E. COLLINS, Secretary.

Niles' Register, Vol. XXV, pp. 388-390.

The general assembly of the State of Tennessee has taken into consideration the practice which, on former occasions, has prevailed at the City of Washington, of members of the Congress of the United States meeting in caucus, and nominating persons to be voted for as president and vice-president of the United States: and, upon the best view of the subject which this general assembly has been enabled to take, it is believed that the practice of congressional nominations is a violation of the spirit of the Constitution of the United States.

That instrument provides that there shall be three separate and distinct departments of the government, and great care and caution seems to have been exercised by its framers to prevent any one department from exercising the smallest degree of influence over another; and such solicitude was felt on this subject, that, in the second section of the second article, it is expressly declared, "That no senator or representative, or person holding an office of trust or profit under the United States, shall be appointed an elector." From this provision, it is apparent that the convention intended that the members of Congress should not be the principal and primary agents or actors in electing the president and vice-president of the United States so far from it, they are expressly disqualified from being placed in a situation to vote for those high officers. Is there not more danger of undue influence to be apprehended, when the members of Congress meet in caucus and mutually and solemnly pledge themselves to support the individuals who may have the highest number of votes in such meeting, than there would be in permitting them

to be eligible to the appointment of electors? In the latter case, a few characters, rendered ineligible by the Constitution, might succeed; but in the former, a powerful combination of influential men is formed, who may fix upon the American people their highest officers against the consent of a clear majority of the people themselves; and this may be done by the very men whom the Constitution intended to prohibit from acting on the subject. Upon an examination of the Constitution of the United States, there is but one case in which the members of Congress are permitted to act, which is in the event of a failure to make an election by the electoral colleges; and then the members of the House of Representatives vote by States. With what propriety the same men, who, in the year 1825, may be called on to discharge a constitutional duty, can, in the year 1824, go into a caucus and pledge themselves to support the men then nominated, cannot be discerned, especially when it might so happen that the persons thus nominated, could, under any circumstances, obtain a single vote from the State whose members stand pledged to support them. . . .

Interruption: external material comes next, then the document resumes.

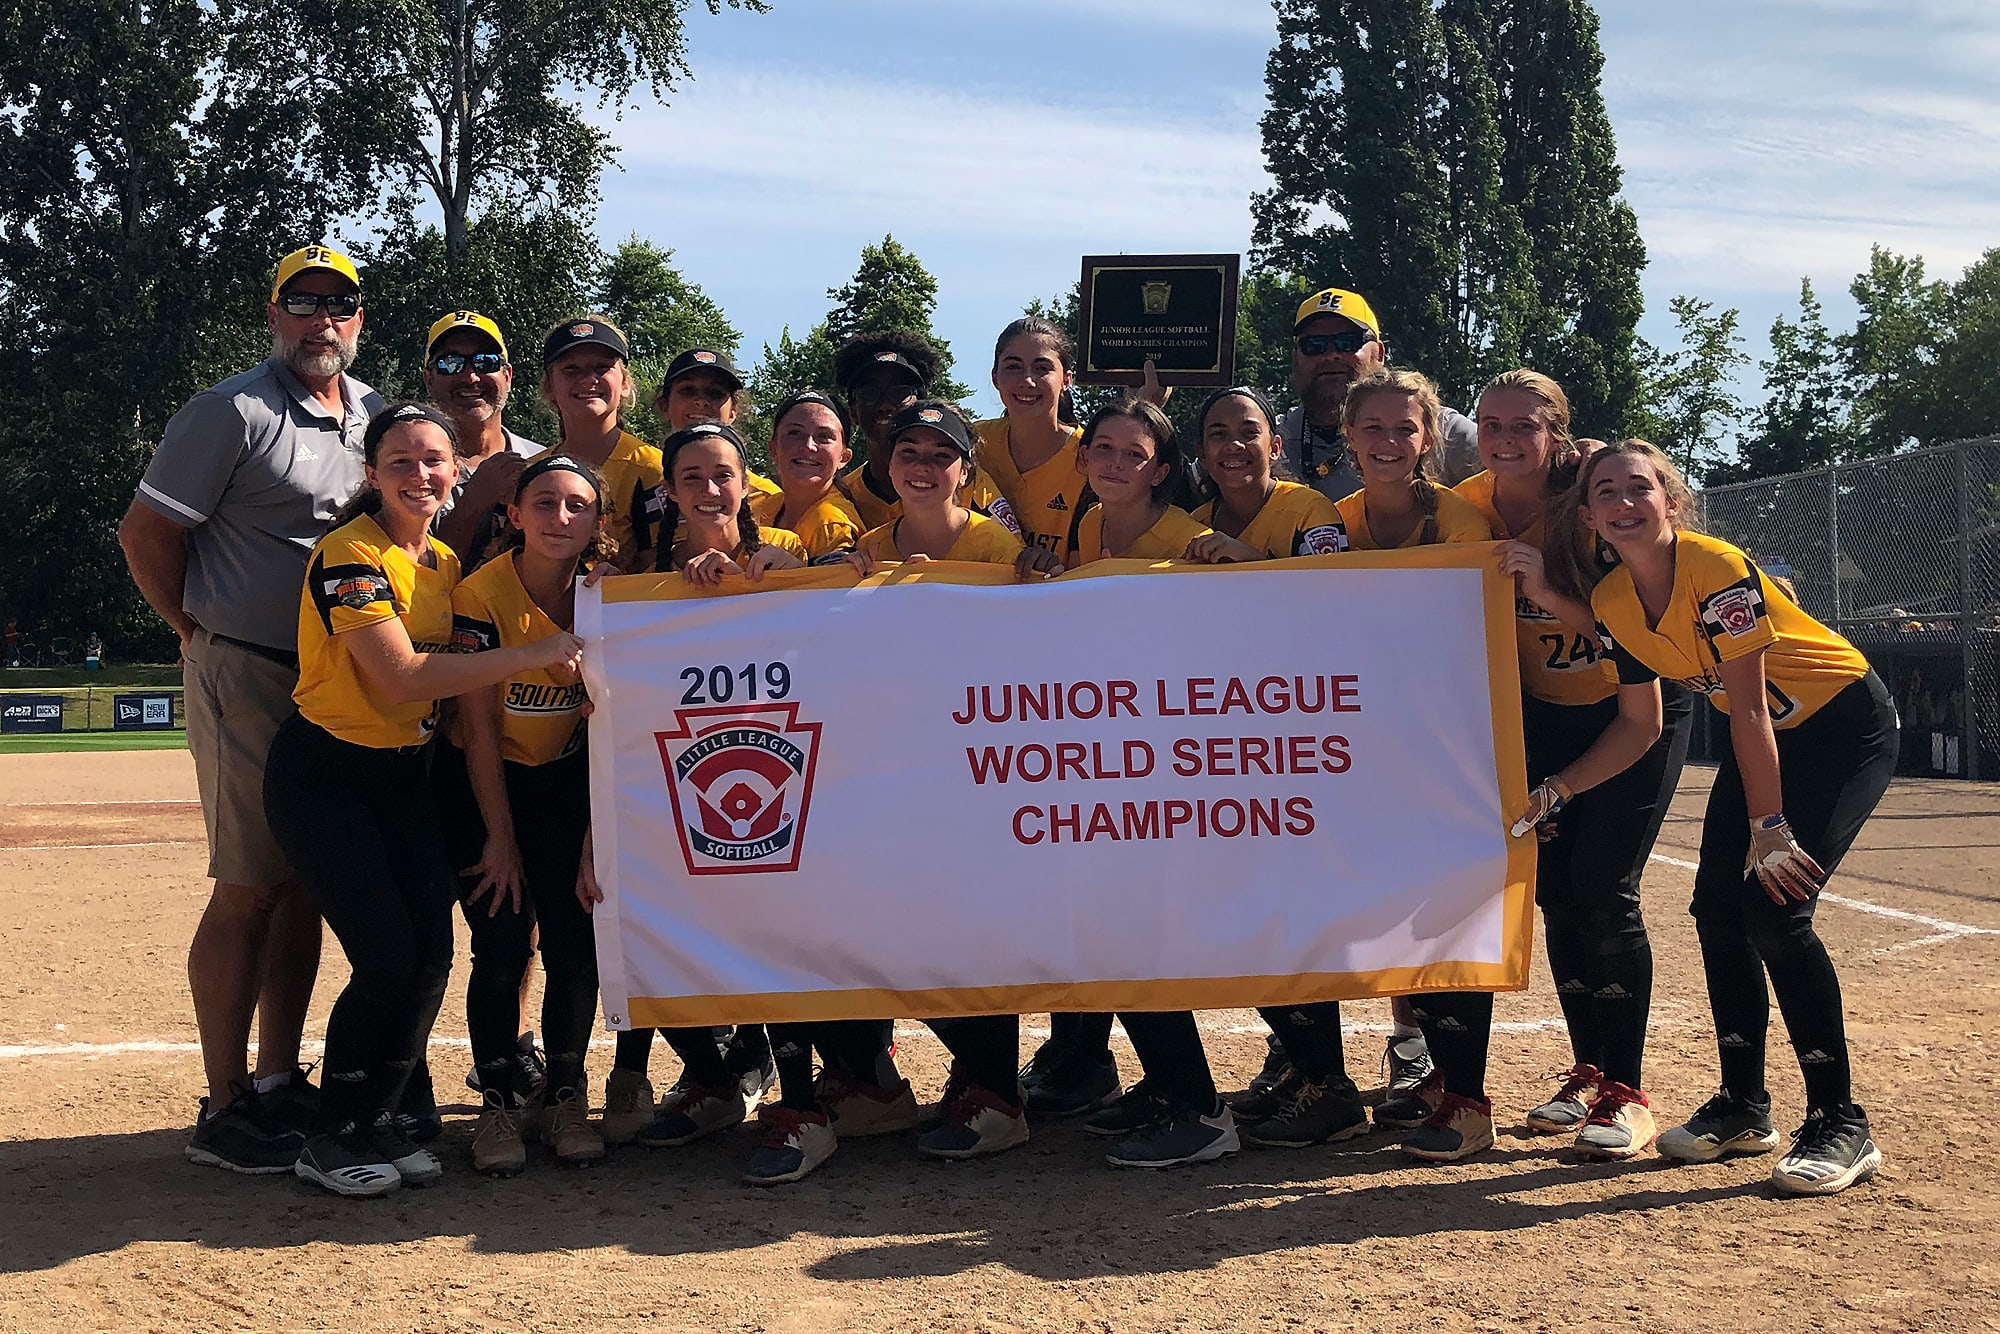 jlsbws-champs-2019

This practice is considered objectionable on other accounts so long as Congress is considered as composed of the individuals on whom the election depends, the executive will is subjected to the control of that body, and it ceases, in some degree, to be a separate and independent branch of the government; and an expectation of executive patronage may have an unhappy influence on the deliberations of Congress.

Upon a review of the whole question, the following reasons which admit of much amplification and enlargement, more than has been urged in the foregoing, might be conclusively relied on, to prove the impolicy and unconstitutionality of the Congressional nominations of candidates for the presidency and vice-presidency of the United States: Ist. A caucus nomination is against the spirit of the Constitution. 2nd. It is both inexpedient and im

politic. 3rd. Members of Congress may become the final electors, and therefore ought not to prejudge the case by pledging themselves previously to support particular candidates. 4th. It violates the equality intended to be secured by the Constitution to the weaker States. 5th. Caucus nominations may, in time (by the interference of the States), acquire the force of precedents and become authoritative, and thereby endanger the liberties of the American people.

Niles' Register, Vol. XXV, pp. 137-8. November 1, 1823.

QUESTIONS

How could the Caucus be said to violate the Constitution in so far as that document has provided for three distinct departments of government? What chances of control of the executive by the legislative did it afford? Might the members of the House of Representatives be called on to choose a president? How was the president elected in 1824-25? Was it in any way improper for the Congressmen to nominate if they also might be called on to choose the president? Does the protest against the nomination by office holders indicate a rising feeling of self-confidence on the part of the people? Is the nomination of officials one of the duties and responsibilities of popular government or does popular government begin and end with casting ballots at an election?

PART IV

THE NEW WEST

XXIII

COLONIZATION OF THE WEST

One of the great tasks of the American people and one of their accomplishments has been-perhaps we should say was, for the work is largely finished - to people the continent from sea to sea. The movement into the eastern half of the Mississippi Valley in the two decades after the war of 1812 was of great importance. We should notice that there was, moreover, movement within the valley from the older settled regions into the unsettled portions. In the selection given below we have a vigorous description of the movement and indications of its significance.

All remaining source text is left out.